▸ **EXERCISE AIM**
The expected output is an exact copy of each line from the line with "Common battery sizes" through the end of the data below, with no pictures in it.

▸ **PROVIDED MATERIAL**
= Beginning of Section =

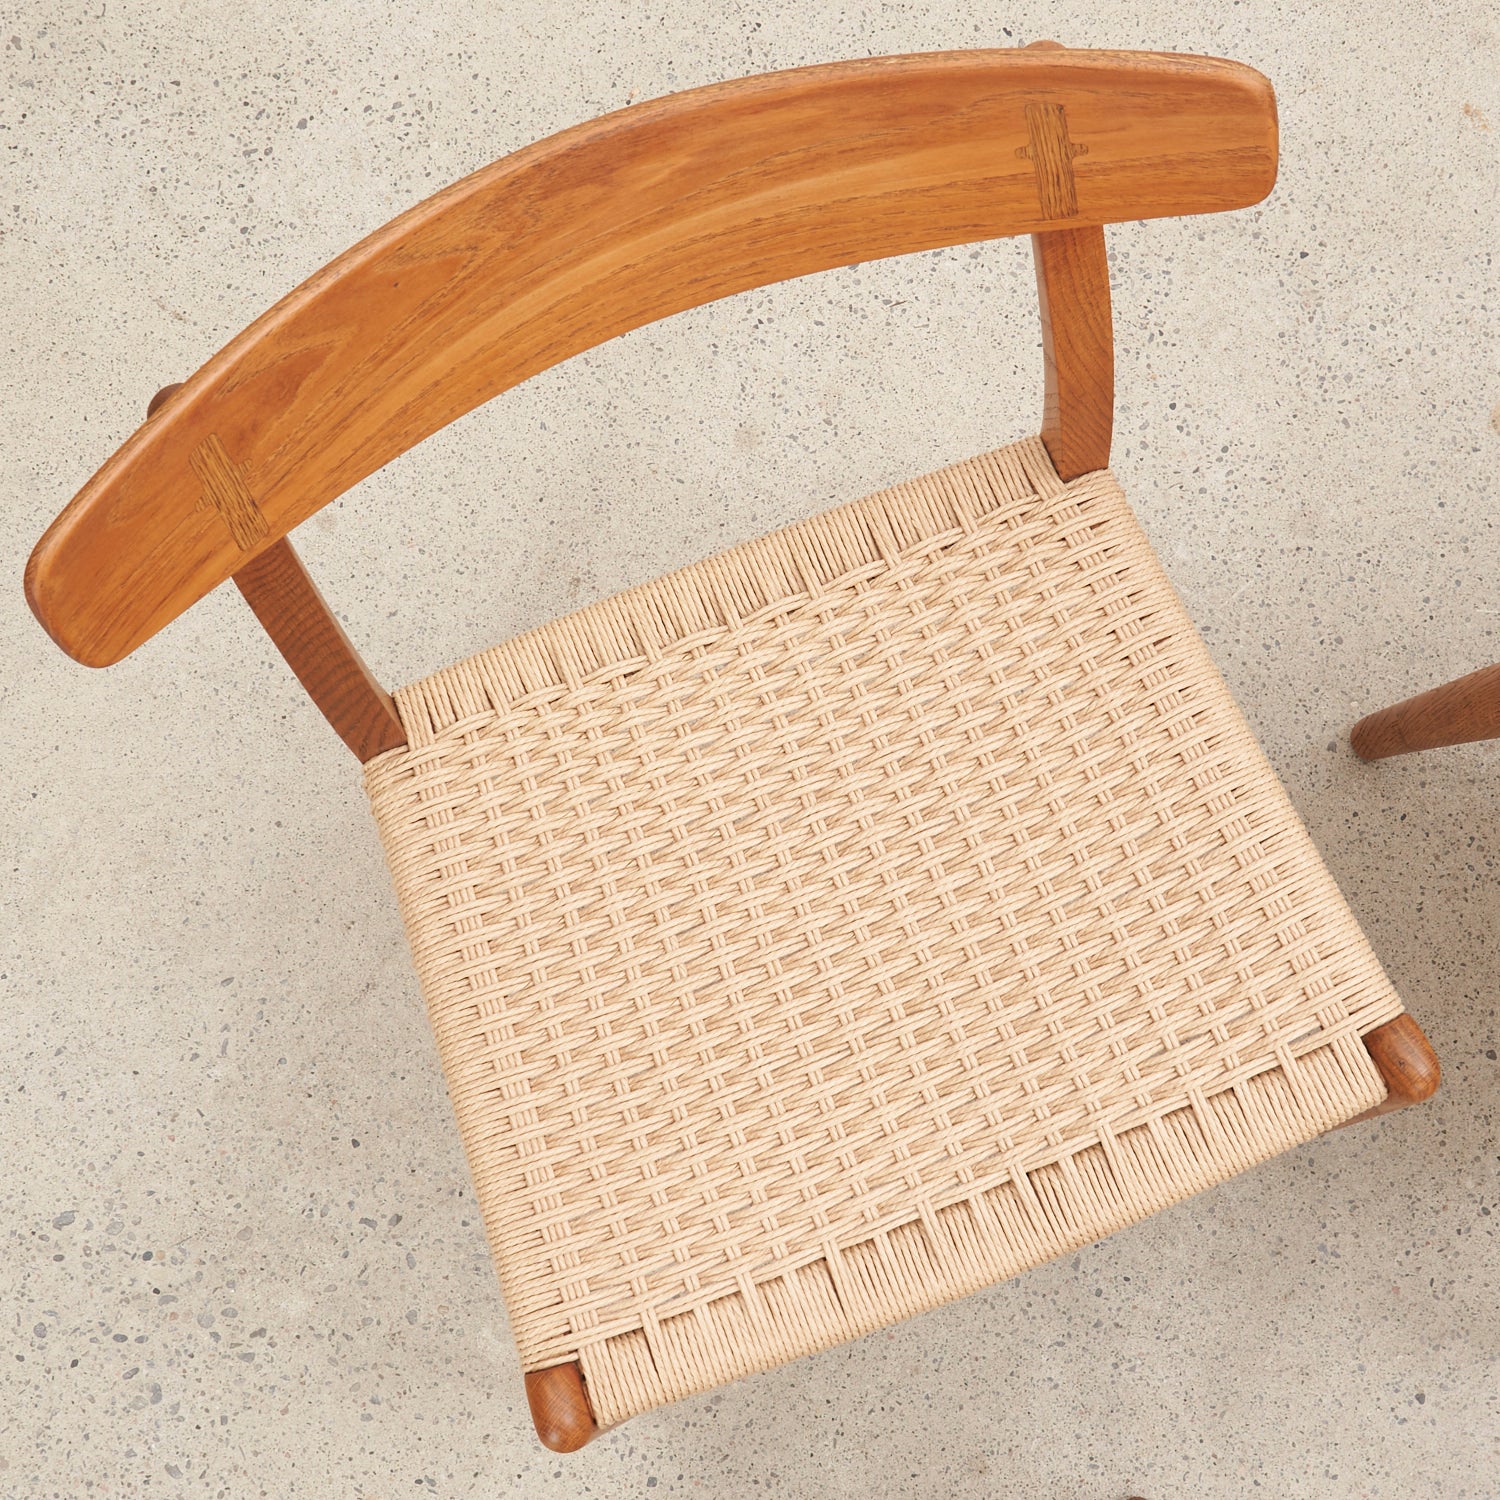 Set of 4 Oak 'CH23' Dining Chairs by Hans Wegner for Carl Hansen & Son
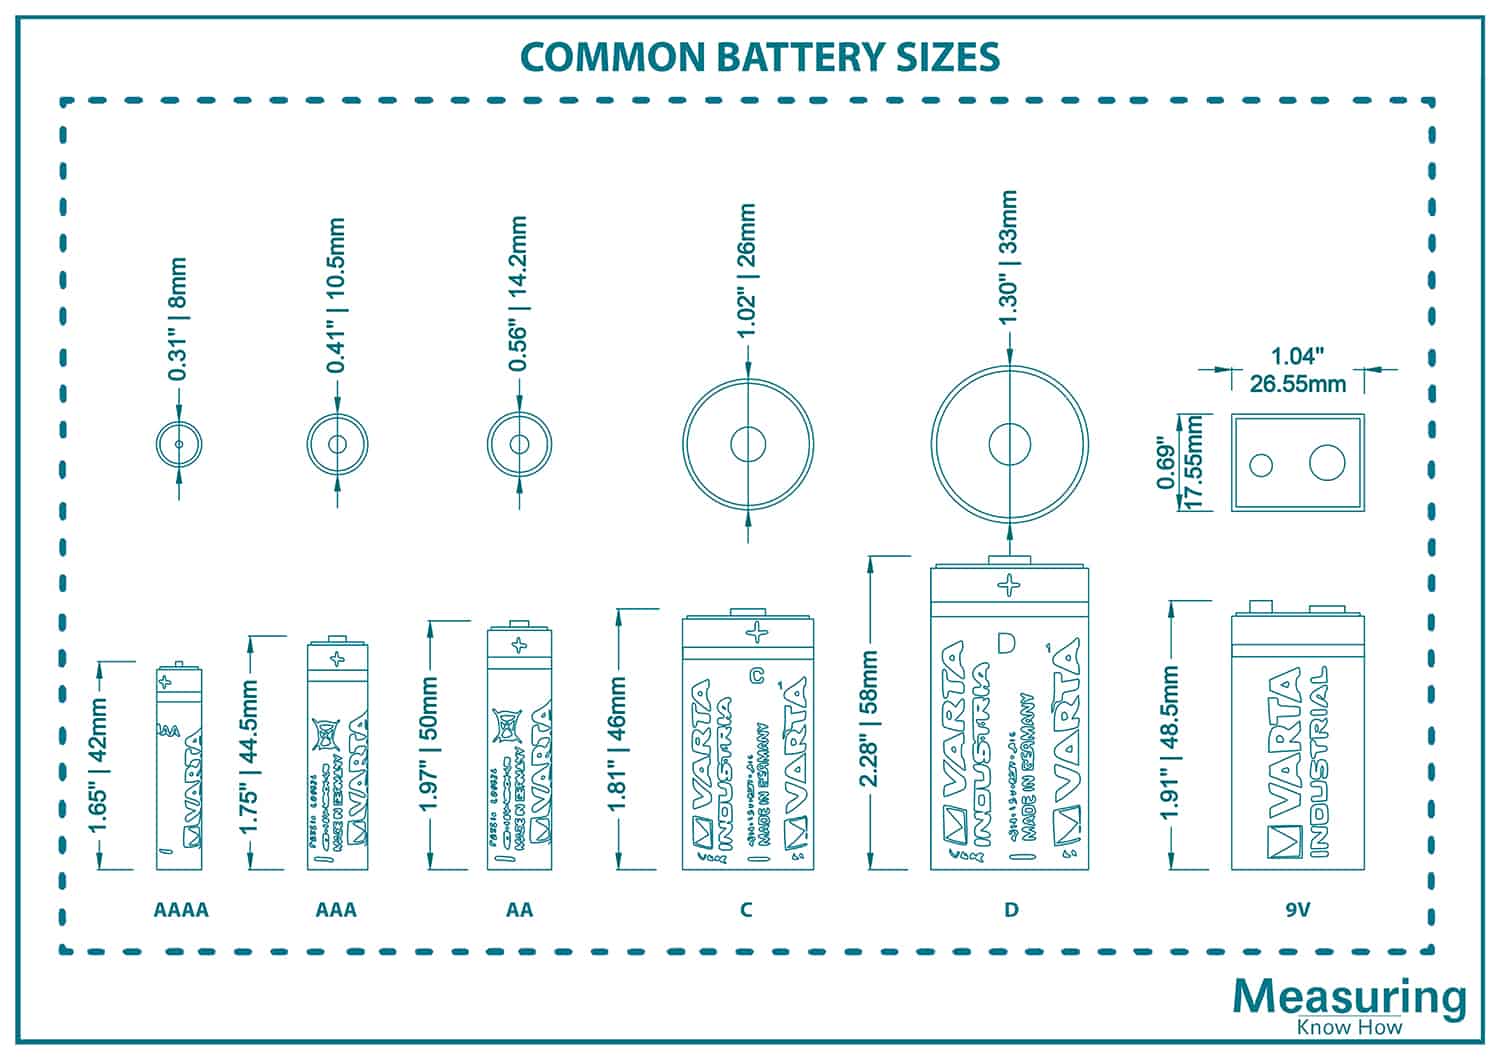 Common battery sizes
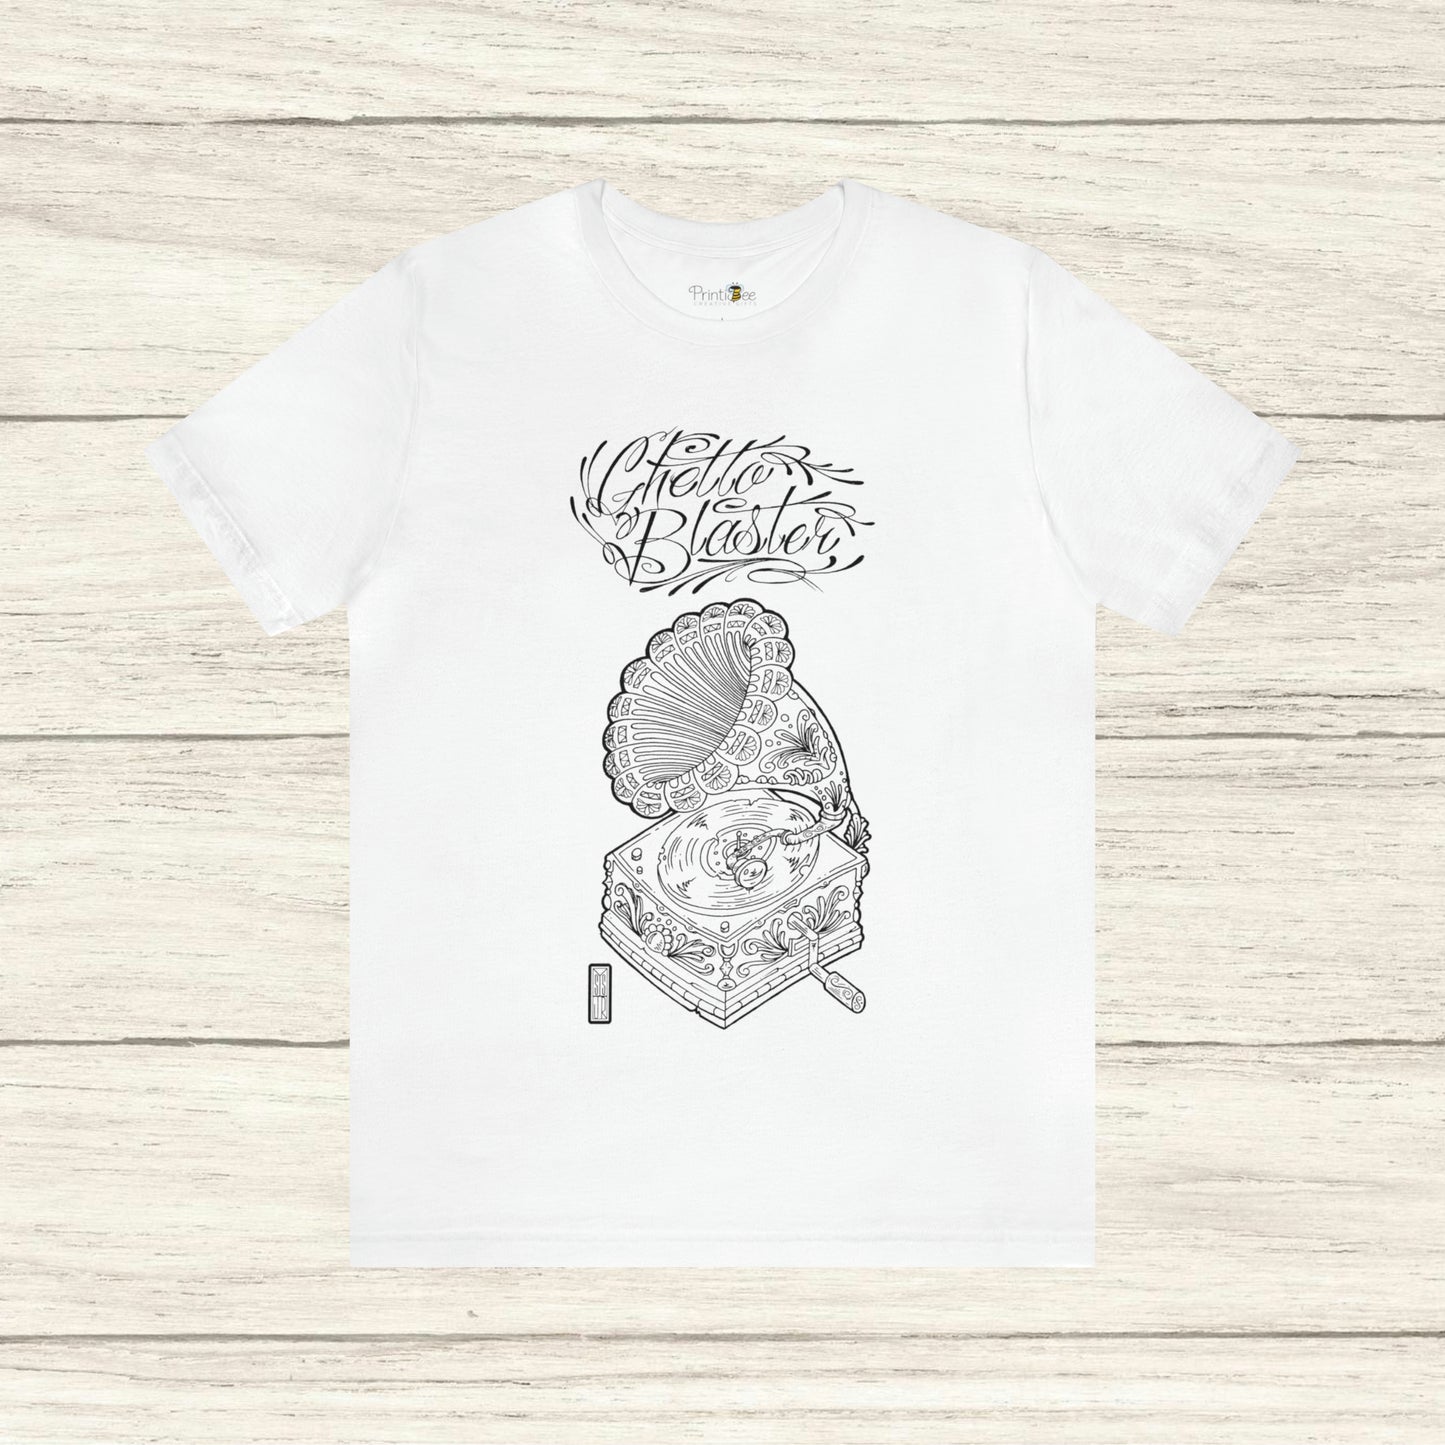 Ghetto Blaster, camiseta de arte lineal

= End of Section =

▸ **REPLY**
 Common battery sizes
 Ghetto Blaster, camiseta de arte lineal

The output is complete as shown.